The present invention is directed toward a fluid delivery system and more particularly to a safety system that automatically closes one or more valves in the fluid delivery system in the event that an eminent rupture is sensed.
In the past, various techniques have been used for transferring hazardous liquids or fluids between two tanks such as, for example, between a portable roadway vehicle tank and a fixed storage tank. This is normally done utilizing flexible hoses or the like. Since the release of hazardous materials could result in a life-threatening situation, special precautions are taken to ensure that little if any of the liquid or fluid is released to the ground or atmosphere during transfer of the material along the flexible hose. While the flexible hose may be only a portion of the fluid transmission system between the tanks, is an important link in the transfer of fluids to or from a portable tank, such as mounted on a roadway vehicle.
A number of safety systems have been proposed in the past to limit or control spillage of hazardous liquids or fluids in the event of a malfunction. One prior art system marketed by Smart-Hose Technologies, Inc. utilizes a cable in compression within the hose which normally unseats valve members located at each end of the cable. In the event of hose rupture or separation, the valve members are released to stop the flow of product in both directions. The cable acts as a spring to maintain the valves off of their seats, and the separation of the hose releases the biasing force of the valves which then move to the closed position. Variations of the smart hose system are described in U.S. Pat. Nos. 5,357,998; 6,260,569 and 6,546,947.
While the Smart-Hose systems have been beneficial, they are not always entirely satisfactory. It is, for example, difficult to verify the operational integrity of the system since there is limited ability to check whether the internal cable is in proper compression. Furthermore, during handling and coiling of the hose, special care must be taken not to bend the hose or the cable or the cable will lose its ability to hold the valves open. More importantly, the valves will not close until and unless there is an almost entire rupture or separation of the hose. A partial tear or rupture in the hose wall may result in a significant amount of leakage or spillage of the hazardous material without the valves closing as the cable may continue to operate to hold the valves in their open position.

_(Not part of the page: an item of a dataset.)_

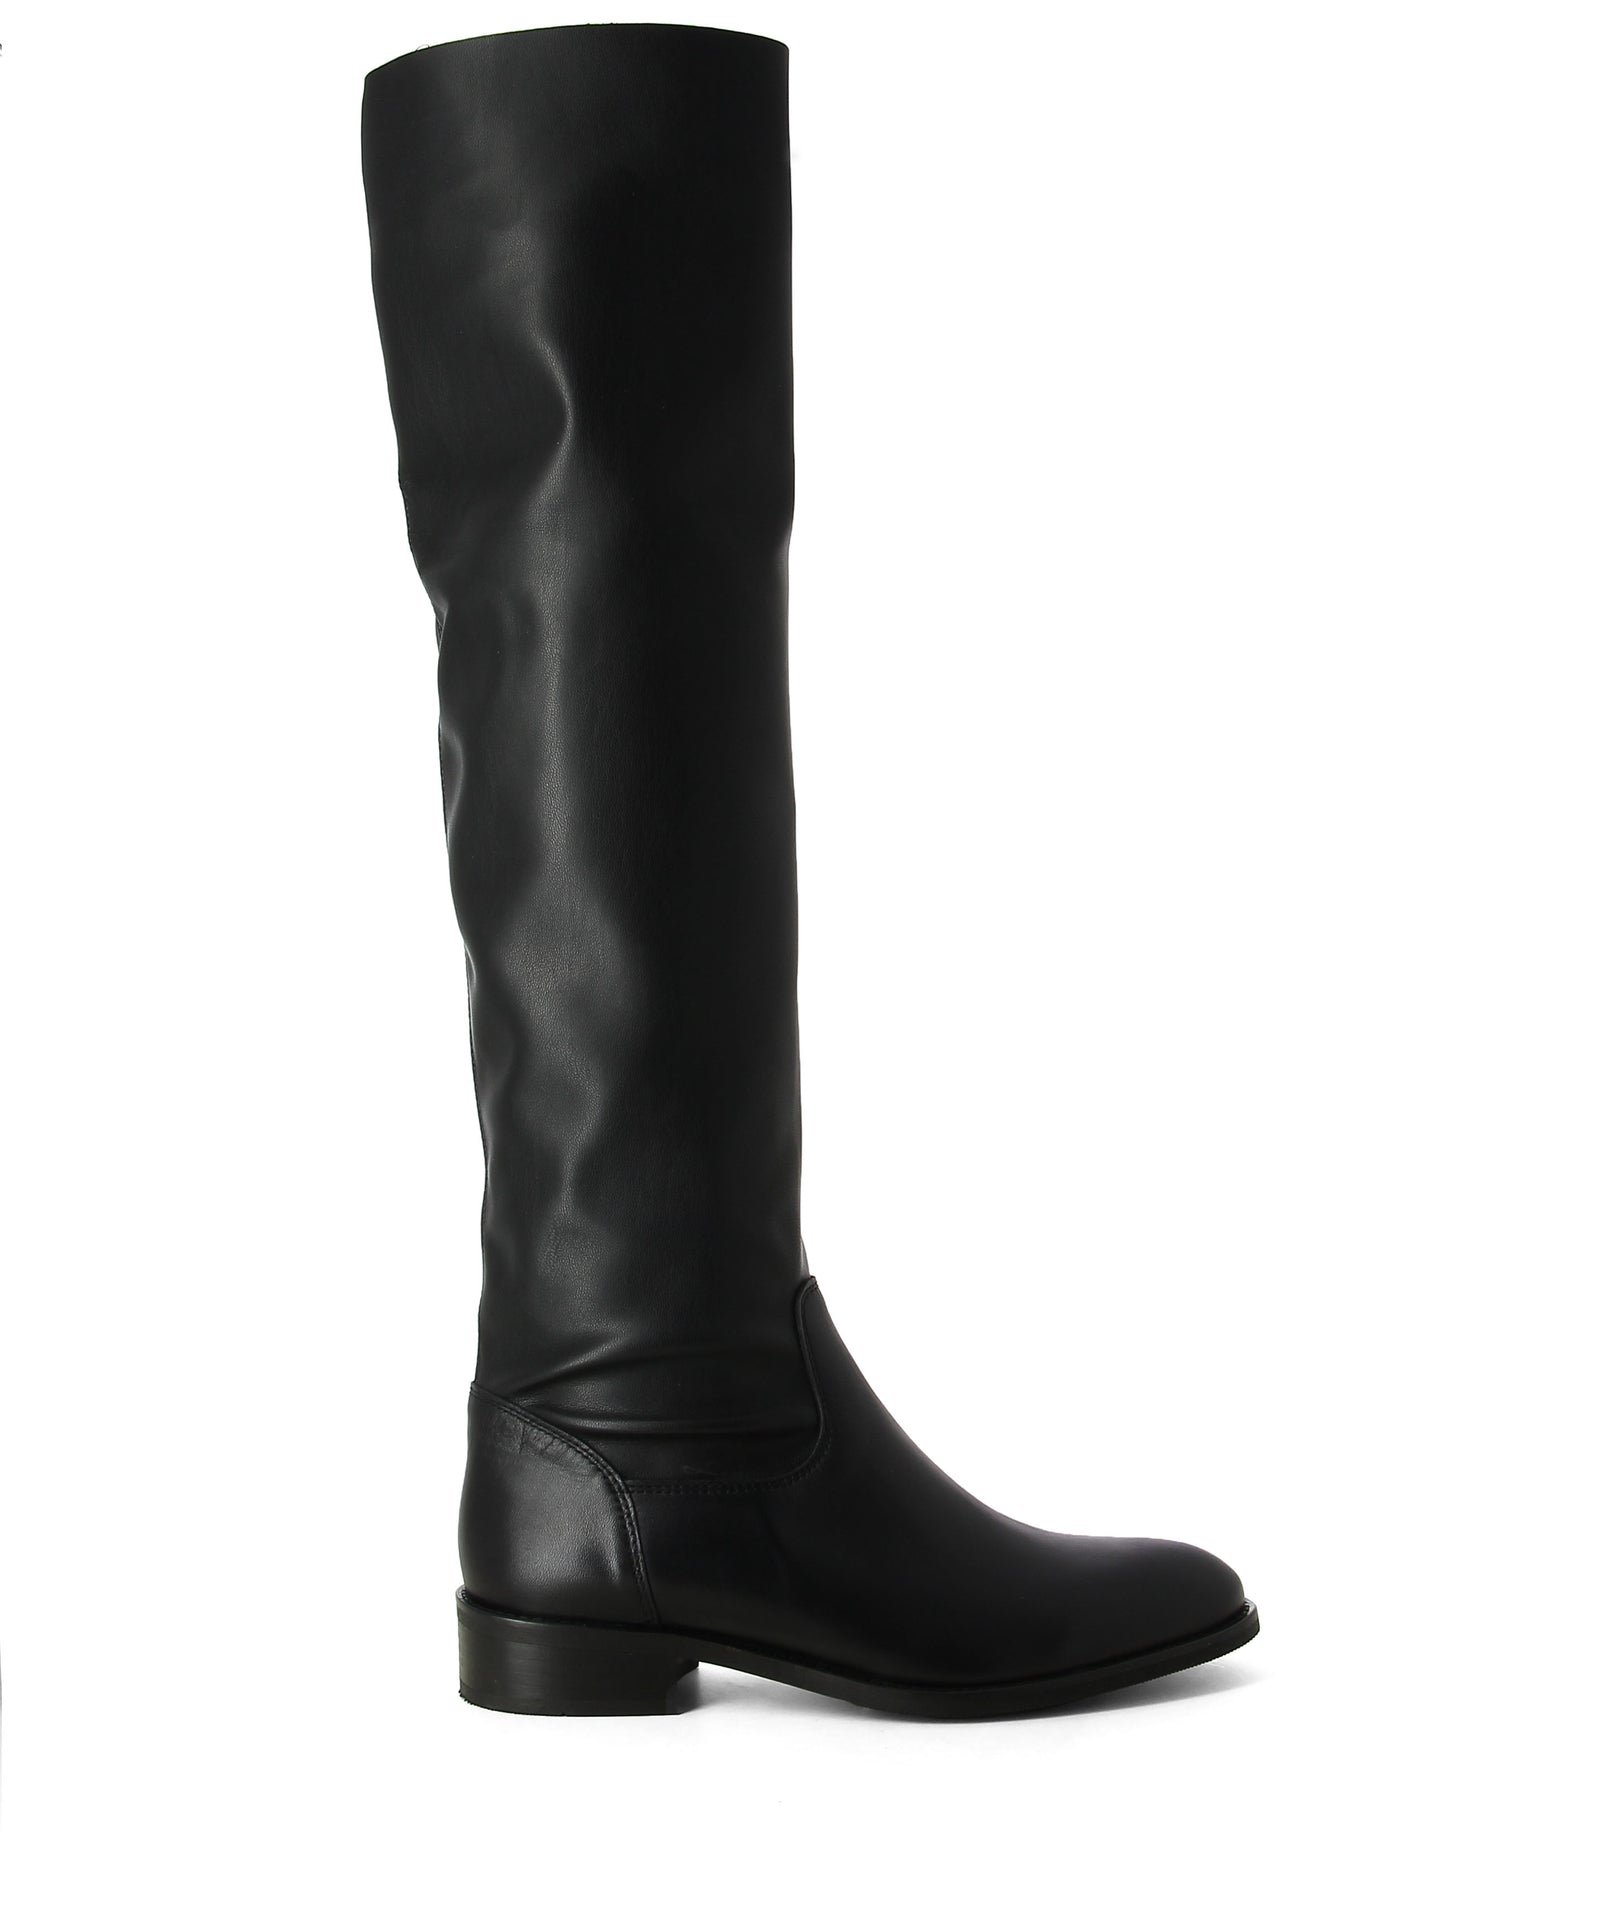 Women's Boots - Leather Boots - Heeled Boots - Flat Boots - ZOMP

Other systems have been devised which are intended to close shutoff valves along the length of a flexible hose based upon a drop in monitored pressure (of the hazardous fluid being transported) when the hose breaks. See, for example, U.S. Pat. No. 6,308,753. However, pressure monitoring systems for automatically closing valves at the ends of a flexible hose have various reliability concerns. Near the completion of the unloading operation when the liquid level gets low in the tank, the system becomes unreliable because of liquid and vapors entering the pump in a random fashion which can cause the valves to shut off when not necessary.
With such prior art systems, the device could be manually overridden when the tank is near empty to prevent the premature trip of the shutoff valve. A separate problem, however, involves determining when the tank is near empty since the unloading time is a function of pressure and pump condition, and typically lasts for over 30 minutes. Even if one could determine when to begin the override, this will create a situation where the operator could override the device at will and defeat the purpose of a system which automatically closes the valves at the ends of the hose to prevent spillage. Moreover, even after a tank is empty, the pump is typically run for several minutes to push most of the liquid in the hose into the receiving vessel. Running a pump in this situation will thus always actuate a device that is triggered by low pressure and manual override options do not practically solve the problem.
Most significantly, however, is the fact that even such low pressure monitoring systems do not prevent the spillage of hazardous fluids or liquids. This is due to the fact that the low pressure of the transported fluid is not sensed until the hose has ruptured and a significant amount of hazardous material has already been released. Furthermore, even after the valves are closed, material remaining within the hose can be released.
As a result, a need exists for a fluid delivery system that is capable of sensing a rupture before it occurs and closing one or more valves in the fluid delivery system in order to essentially totally prevent spillage of hazardous material.